A negativa de cobertura por “uso indevido do veículo” é uma das justificativas mais comuns utilizadas por seguradoras para recusar o pagamento de indenizações. Mas até que ponto esse tipo de recusa é legal? E o que o segurado pode fazer quando se depara com essa situação? Neste artigo, vamos esclarecer o que é considerado “uso indevido”, quando a negativa é legítima e como agir para contestá-la, caso ela seja injusta.
O que significa “uso indevido do veículo”?
O “uso indevido” ocorre quando o veículo é utilizado de forma diferente daquela informada na proposta do seguro ou em desacordo com as condições previstas na apólice. Essa utilização incorreta pode ser entendida como um agravamento do risco — ou seja, o aumento das chances de ocorrer um sinistro.
Alguns exemplos típicos de uso indevido são:
- Utilizar um carro declarado como de uso particular para transporte de passageiros (como Uber, táxis ou aplicativos de entrega), sem informar previamente à seguradora;
- Participar de rachas ou corridas automobilísticas;
- Permitir que o veículo seja conduzido por alguém não habilitado ou com CNH vencida;
- Modificar o veículo (ex: rebaixar suspensão, turbinar motor, mudar categoria) sem comunicar a seguradora;
- Usar o veículo fora do território de cobertura (ex: outro país ou local não coberto pela apólice).
Quando a seguradora pode negar a cobertura por uso indevido?
A recusa do pagamento da indenização só é válida se a seguradora demonstrar que houve, de fato, descumprimento contratual por parte do segurado. Mais do que isso: é necessário que a conduta do segurado tenha contribuído diretamente para o sinistro.
Ou seja, não basta apenas apontar que o veículo foi utilizado de forma diferente. A seguradora precisa comprovar que o uso indevido foi a causa — ou ao menos agravou — o evento que resultou no pedido de indenização.
O Superior Tribunal de Justiça (STJ) já firmou entendimento no sentido de que cláusulas restritivas de direito devem ser interpretadas de forma restrita. Em outras palavras, em caso de dúvida sobre o alcance da cláusula, prevalece a interpretação mais favorável ao consumidor (Súmula 469 do STJ).
Casos reais: o que diz a jurisprudência
Há decisões judiciais reconhecendo como abusiva a negativa de indenização quando o uso considerado “indevido” não teve relação com o sinistro. Exemplo: um motorista envolvido em um acidente enquanto conduzia o veículo para uso pessoal, mas que estava em nome de uma empresa — nesse caso, se não houver prova de que o uso comercial contribuiu para o sinistro, a recusa é considerada indevida.
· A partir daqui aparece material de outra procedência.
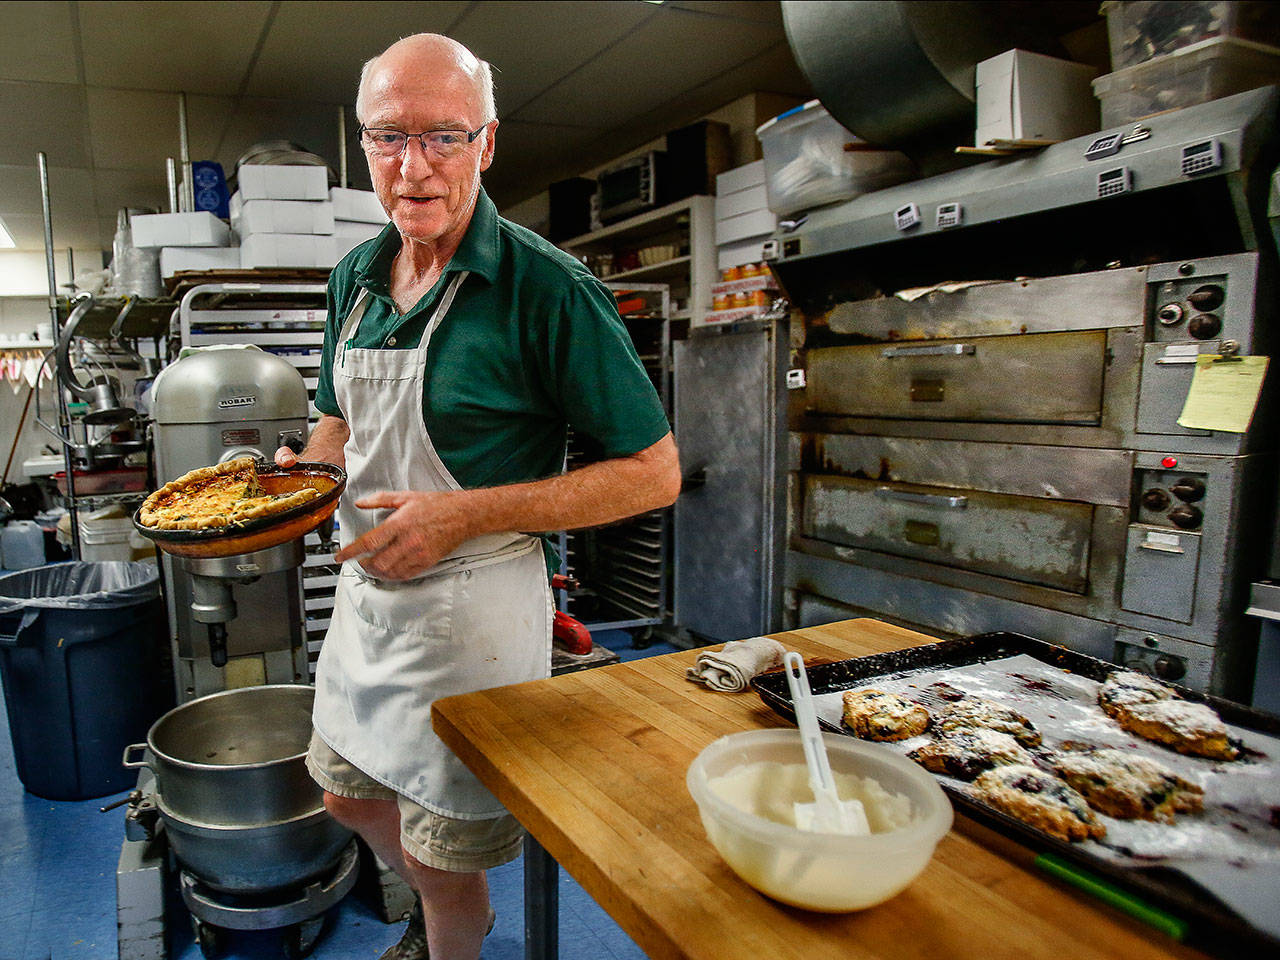 Andrew Abt goes back and forth from the kitchen to the sales counter at Monroe’s Sky River Bakery on Tuesday. He and his wife, Mary Thorgerson, would like to sell the bakery and retire. (Dan Bates / The Herald)

Em 2021, o Tribunal de Justiça do Distrito Federal (TJDFT) condenou uma seguradora a pagar a indenização por danos após ela ter negado cobertura com base em uso indevido. A seguradora não conseguiu comprovar que o uso divergente havia contribuído para o acidente, o que levou o Judiciário a entender que a negativa foi abusiva (Processo nº 0708374-81.2020.8.07.0001).
O que fazer diante de uma negativa por “uso indevido”?
- Leia a apólice com atenção
Verifique se há cláusula clara e específica sobre o tipo de uso declarado do veículo e se realmente houve descumprimento por parte do segurado. - Peça a negativa por escrito
Solicite à seguradora que apresente formalmente os motivos da recusa, indicando qual cláusula foi descumprida. - Reúna provas
Junte documentos, testemunhos e registros que demonstrem que o uso do veículo estava dentro do que foi contratado, ou que, mesmo se houve divergência, isso não contribuiu para o sinistro. - Tente resolver extrajudicialmente
Você pode registrar reclamação na SUSEP ou no Procon, exigindo a revisão da negativa. - Procure um advogado especialista em seguros
Caso não consiga resolver administrativamente, é possível ingressar com uma ação judicial para exigir o cumprimento do contrato e, se for o caso, pedir indenização por danos morais.
Conclusão
A alegação de “uso indevido do veículo” nem sempre é suficiente para justificar a negativa da indenização. O segurado tem direitos garantidos pelo Código de Defesa do Consumidor e pelo Código Civil, e pode — e deve — contestar decisões abusivas das seguradoras. Diante de uma negativa, a melhor estratégia é buscar orientação jurídica, reunir provas e, se necessário, recorrer ao Judiciário para fazer valer o contrato.